On this particular day, we got into a heated debate in the room. Not me per se, but the people in the room. I was just in the house to grab a drink but the ferocity of the words being exchanged caught my attention and I stood back and stayed. I disagreed with most of them, in fact all of them, at least in one way or the other. There was a moment of silence at one point, everyone taking stock of what had been said, family relations, professional ties made them stutter for a second.
I spoke up and went on a rant. Perhaps because they had already said too much, they didn't say much. I weaved a tale, and as my own thoughts progressed while I spoke, as they do usually while one is debating off the cufff, I reached a conclusion in my head which I could not ignore. I stuttered, I had to say it, but I didn't know the reaction I would get. I was young- and the emotions of others are usually a passing thought at that ago- so I gave it no heed and said what I thought was logical as per the thought process I had just laid out.
"... we will be lucky if Pakistan exists in five years time"

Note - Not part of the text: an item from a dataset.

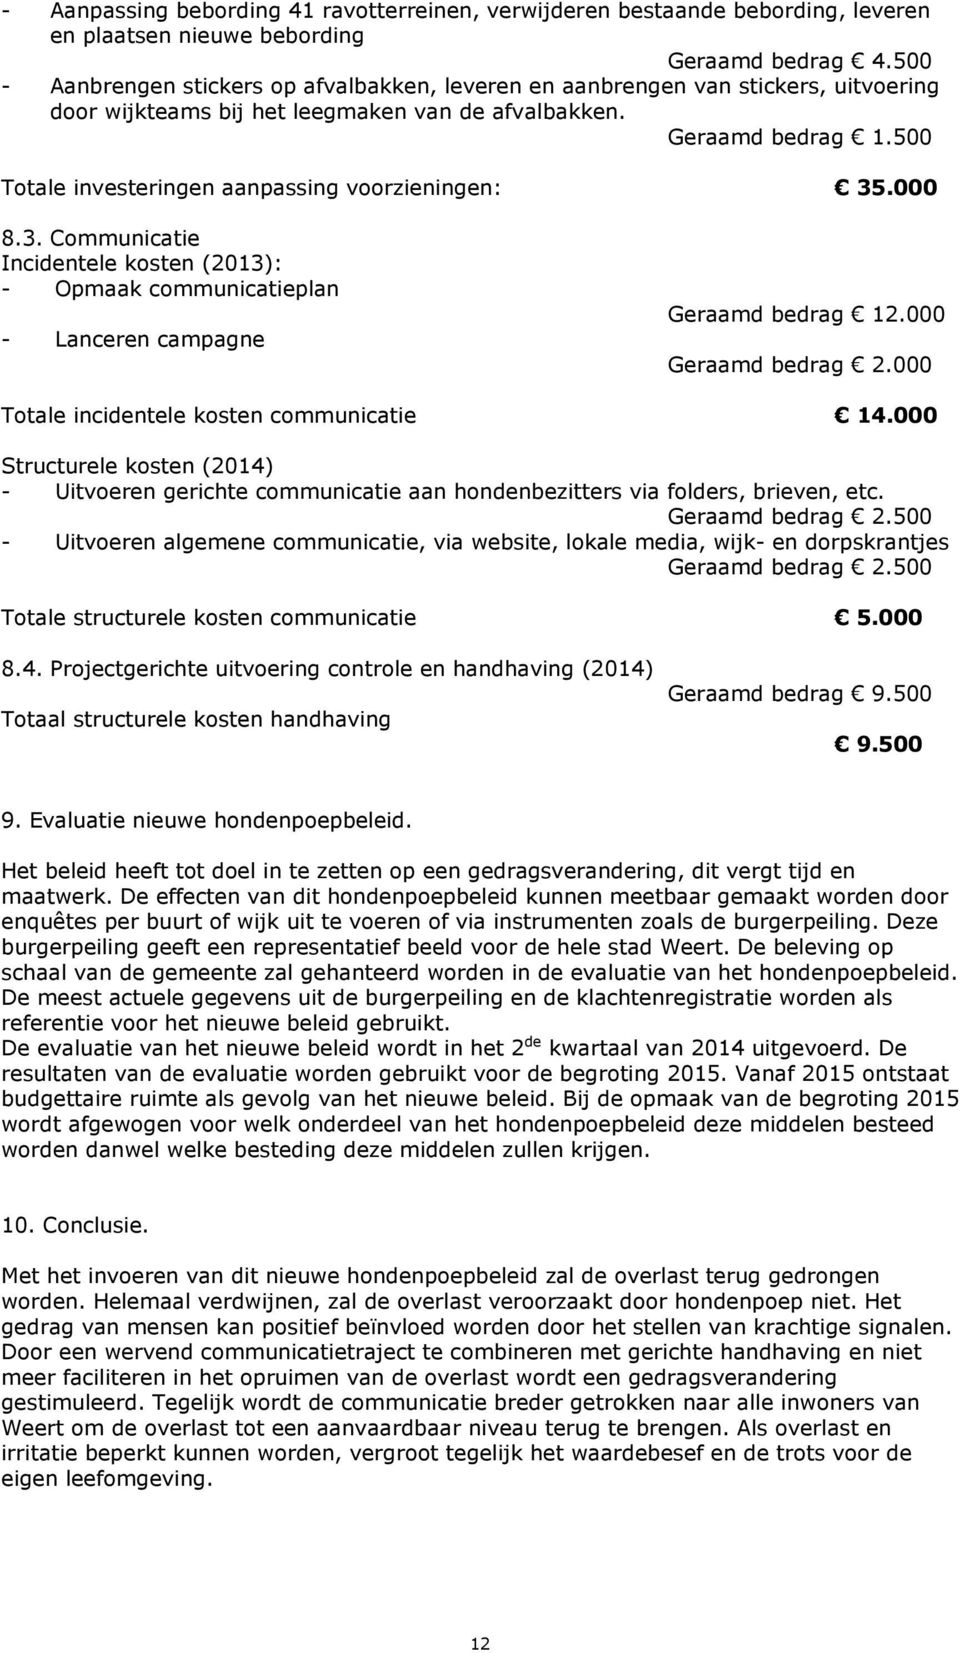 500 Totale investeringen aanpassing voorzieningen: 35.000 8.3. Communicatie Incidentele kosten (2013): - Opmaak communicatieplan - Lanceren campagne Geraamd bedrag 12.000 Geraamd bedrag 2.

Out of nowhere, I felt a slap hit my face. My dad had gotten up at some point, had ended up next to me for some water and had listened standing next to me. I remember that slap stinging harder than many others- it had a force to it i had never felt from my dad. The elders in the room started talking amongst themselves, some of the younger kids that had been leaning into the room giggled and I walked away feeling miserable.

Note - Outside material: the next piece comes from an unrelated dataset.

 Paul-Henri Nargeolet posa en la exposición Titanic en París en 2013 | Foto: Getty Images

Eleven years on, my words still sting. But they are truer today than ever before. Somehow, I do not think I will be sidelined in that room again, or that my dad will admonish me in the same manner this time around.
Its funny that theoretical exercises carried out by foreign governments within the confines of their training rooms wake Pakistanis up more than the truth which is all around us (Link) - that we are disintegrating as a nation, with no one holding us back. There is no unity amongst us, we are Punjabis or Sindhis much before we are Pakistani. I hear Sawat, Parichnar, Hangu, Peshawar, Balochistan, Lahore, Karachi- I never hear Pakistan. I wouldn't have noticed it because I know these places, but ask an Indian or a Bengali or a Egyptian or a Syrian or an Iranian or a Filipino- they will never say Aleppo or Cairo or Kerala or Manila first. Pride has dissipated from our history.
The educated of our nation decide to leave the nation days after they first experience the winds of the West. Back home, these people are derided as having left for women, alcohol and general malaise- but thats not true. They leave because once they step out of Pakistan they see for the first time in their life, the whole world going one way and Pakistan descending into another. They equate themselves with the rest of the world, because just as the rest of the world, they too want to improve, become better. But when they picture themselves with this attitude within their own nation, they are left with no choice but to consider a parting of ways. And so it is that Pakistan has lost its most ambitious people, its most educated youngsters- its promise has left, leaving behind a wilting population too un/miseducated to understand the game being spun around them, too power-less to have their voice heard, and too stupid to realize that someone is stealing from them again and again and again.
Chaos is Pakistan. Even the best of days here is the saddest of days somewhere else in the world. And many Pakistanis realize now that it will become much worse, and no one profers a caveat of 'before it gets better" anymore.
For me personally, this collapse, when it comes - if it comes, because as a human i still do hold a sliver of blind hope- will be earth-shattering. It will siganl the end of everything that has defined four generations of my family. It will be the end of one part of my identity, no matter how many times I will scream it in people's faces, it will not make sense to them, I will be a refugee who got out while the going was good. My children will call themselves Canadian, they will hide the fact that once their families used to belong to a nation that chose to kill itself. 60 years on, we will be whittled down to a paragraph in a history book.
Insignificance- that is why those words stung so hard when they were uttered by a 16 year old to a group of grown men.
They sting me too, I swallow before I say them too, but the truth is we will wither away in history, a blimp in the cosmos, overtaken by time- insignificant in our existence and forgotten in the annals of history.